Bioéquivalence moyenne ou bioéquivalence individuelle
Pour conclure à la bioéquivalence entre les deux formulations du Levothyrox, suffit-il de démontrer qu’elles ont le même effet moyen, ce qui correspond à la réglementation actuelle ? Nous pensons au contraire que les patients ont le droit de savoir quelle proportion des sujets ont des réactions très différentes quand ils ingèrent les deux formulations. Cette information est d’autant plus essentielle que la lévothyroxine est un médicament à marge thérapeutique étroite : chaque sujet a une dose de confort qui est variable d’un sujet à l’autre. Il faut donc étudier la dispersion des différences de biodisponibilité entre les deux formulations (bioéquivalence individuelle) et pas seulement la moyenne de ces différences (bioéquivalence moyenne). Pour illustrer ce point, on pourrait imaginer trois sujets recevant chacun successivement les deux formulations : si les différences entre les deux formulations étaient de -30 %, 0 % et 30 %, la moyenne des différences (évaluée par l’étude de la bioéquivalence moyenne) serait nulle, mais un sujet serait en sous-dosage et un autre sujet en surdosage (c’est ce que montre l’étude de la bioéquivalence individuelle).
L’étude de Concordet et al., comme la nôtre, utilise donc les résultats de l’essai du laboratoire Merck pour étudier cette dispersion entre sujets des différences de réponses à l’ingestion des deux formulations. C’est une étude des mêmes données en fonction d’un objectif différent qui correspond à la situation en France, où une substitution a été imposée à des millions de patients.
Limite de l’étude de la bioéquivalence moyenne : son résultat dépend du nombre de sujets étudiés
Les autorités demandent aux laboratoires d’établir la bioéquivalence moyenne en se fondant sur l’intervalle de confiance du rapport entre les deux biodisponibilités moyennes qui doit être entièrement entre 0,90 et 1,11. Si le rapport est assez proche de 1 (il est égal à 0,99 dans l’analyse de Merck), il suffit d’inclure suffisamment de sujets pour obtenir un intervalle de confiance dans la fourchette de 0,90 à 1,11 exigée a priori par les autorités. En effet, la largeur de l’intervalle de confiance (la fourchette de précision) d’une moyenne diminue quand le nombre des sujets étudiés augmente : la précision d’une estimation augmente avec la taille de la population étudiée.

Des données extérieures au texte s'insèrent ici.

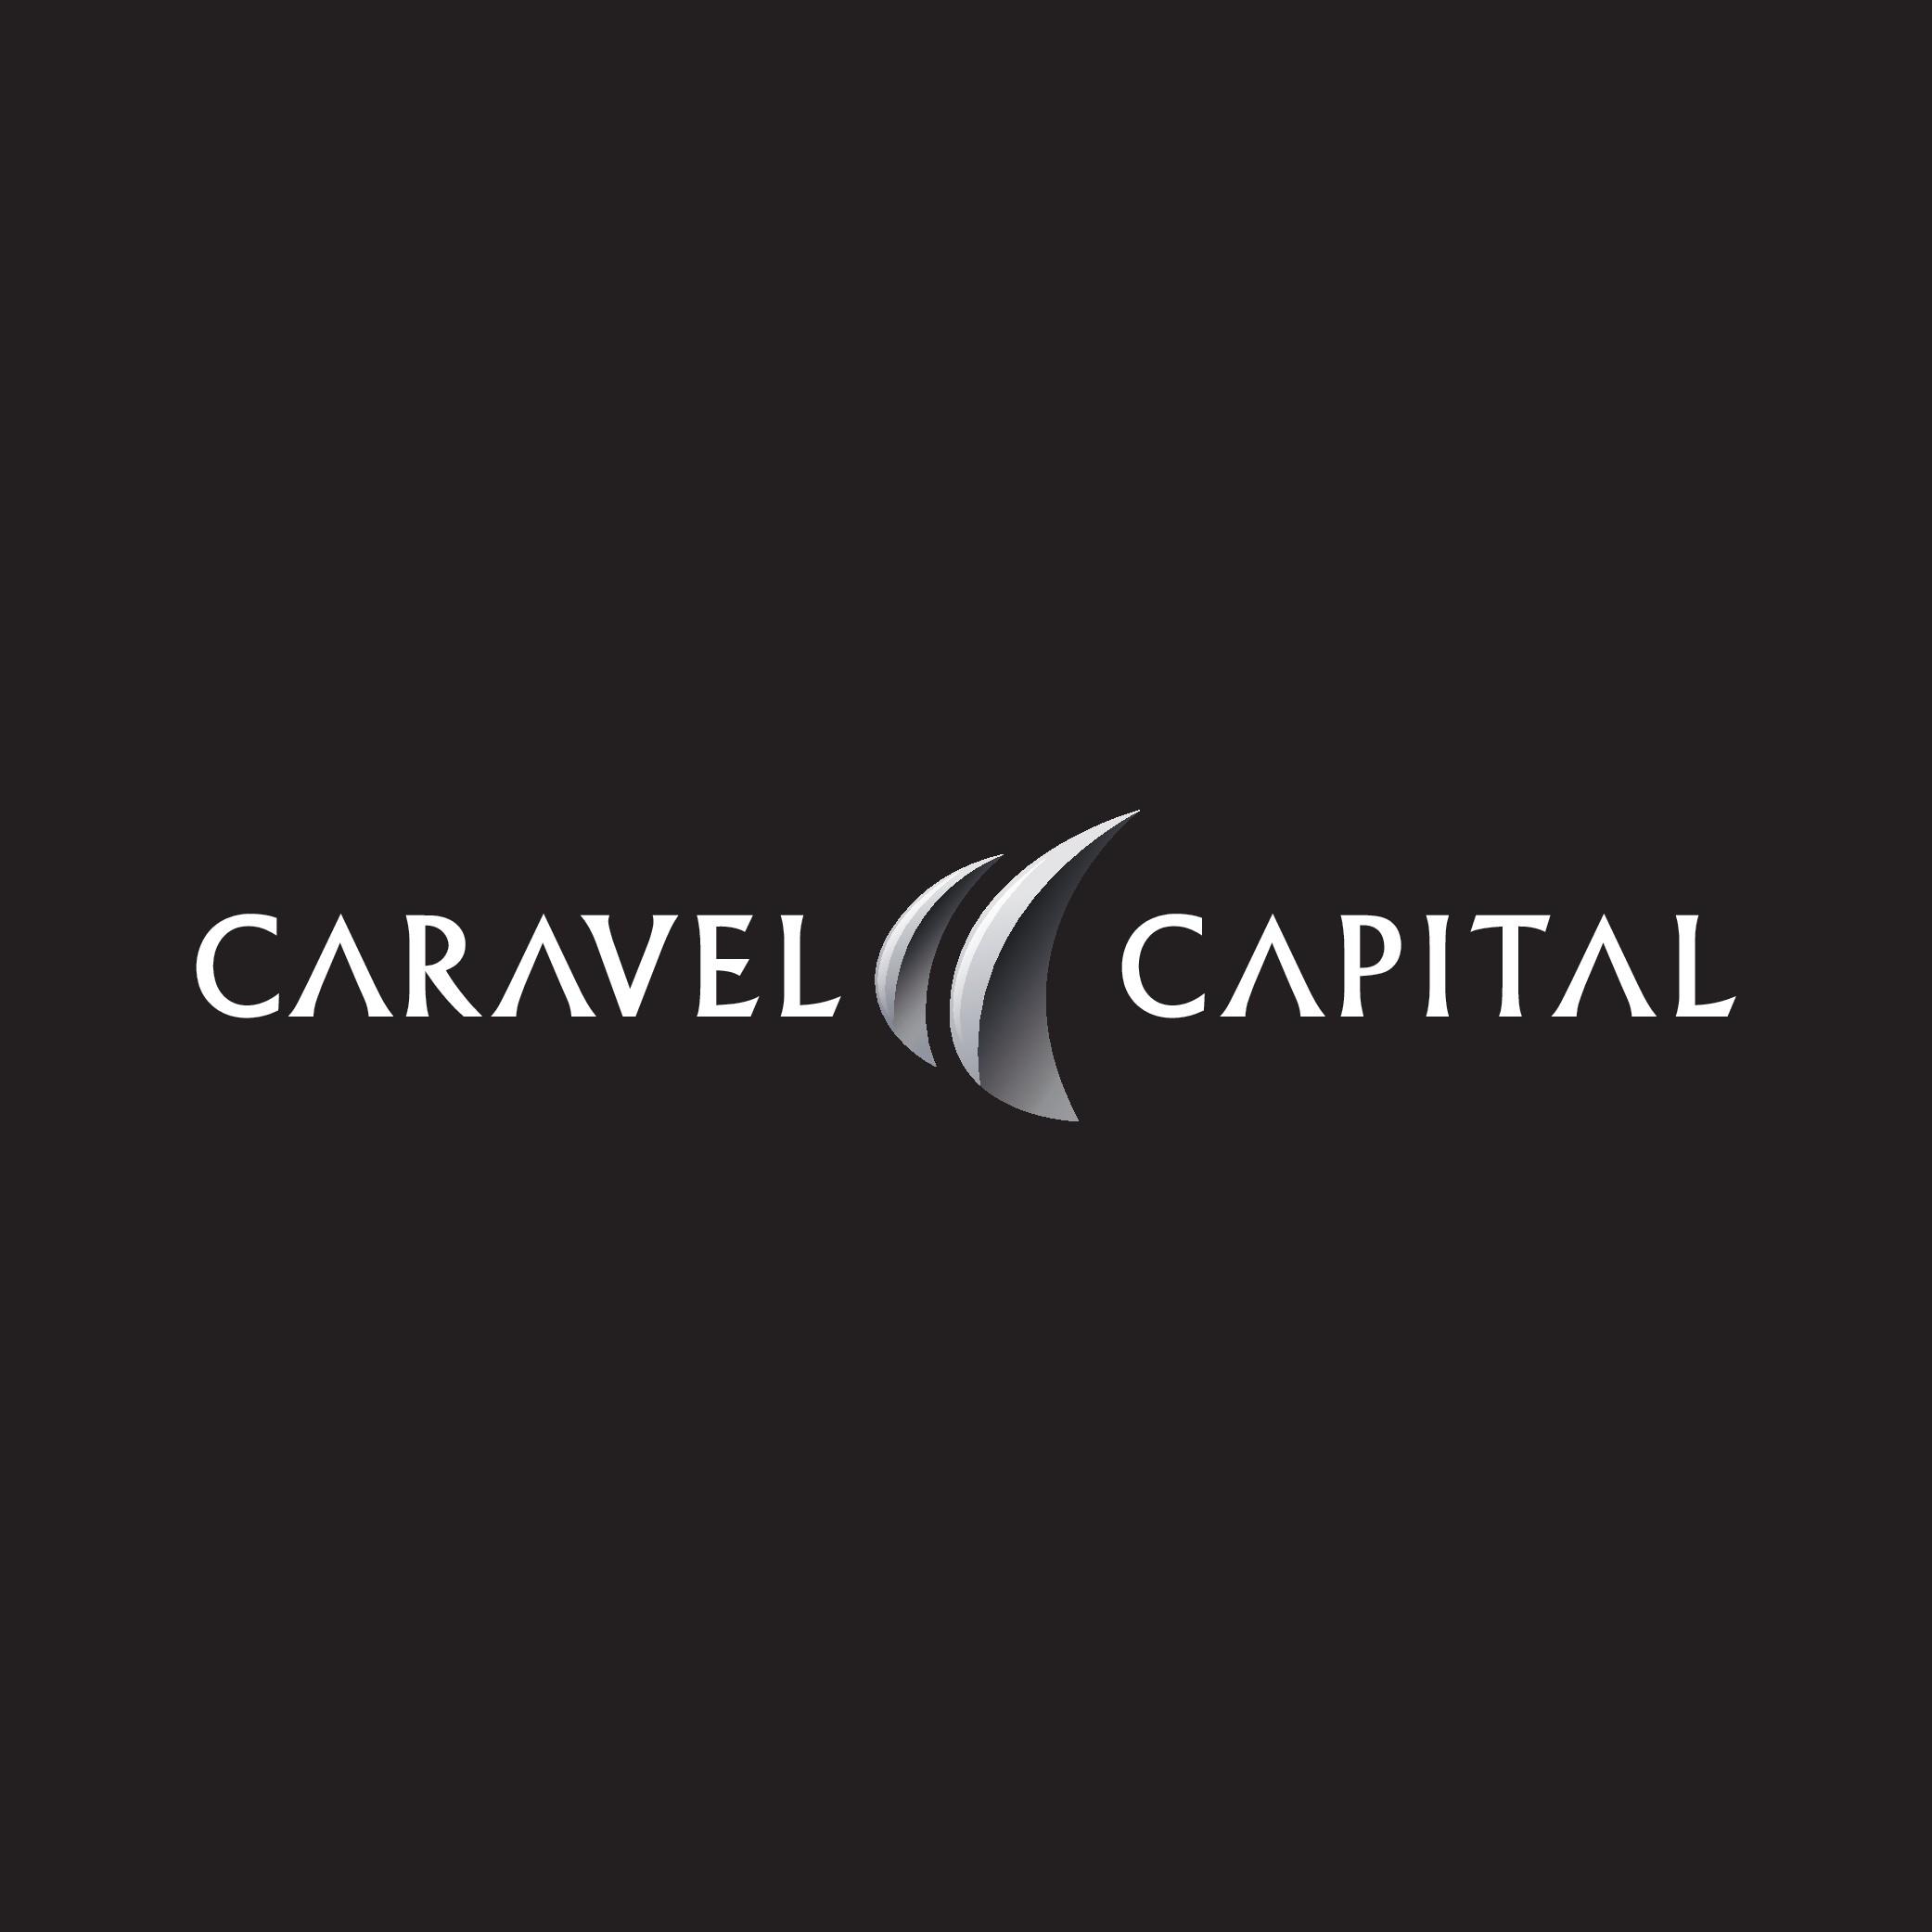 Design a logo to relay financial success depicting sails

Ainsi plus on augmente le nombre de sujets, plus on a de chances de démontrer la bioéquivalence en moyenne. Ce résultat contre-intuitif a perturbé certains statisticiens qui se sont appuyés sur le principe de base : plus le nombre de sujets est grand plus le résultat est fiable, et n’ont pas vu qu’une moyenne entre 0,90 et 1,11 pourrait toujours avoir un intervalle de confiance inclus dans l’intervalle cible 0,90-1,11 si on augmentait le nombre de sujets. Les essais de bioéquivalence incluent en général entre 12 et 36 sujets, alors que l’essai de Merck en a inclus 204.
Soustraction ou non de la valeur basale de la lévothyroxine, analyse ajustée ou non ajustée
Coste et al. contestent la nécessité de soustraire la valeur de la lévothyroxine endogène observée chez chaque sujet avant l’administration du médicament (moyenne des trois valeurs observées une demi-heure avant, un quart d’heure avant et au moment de la prise du médicament) pour étudier la biodisponibilité des deux formulations de lévothyroxine exogène administrées à H0, l’étude allant jusqu’à H72. La
Interprétation de l’analyse individuelle ajustée
L’analyse que nous avons proposée ne fait que décrire la variation entre sujets de la biodisponibilité des deux formulations de lévothyrox. Nous ne disons pas quelle variabilité est acceptable. S’il faut définir une marge acceptable, celle-ci n’a pas de raison d’être identique pour la bioéquivalence moyenne et pour la bioéquivalence individuelle.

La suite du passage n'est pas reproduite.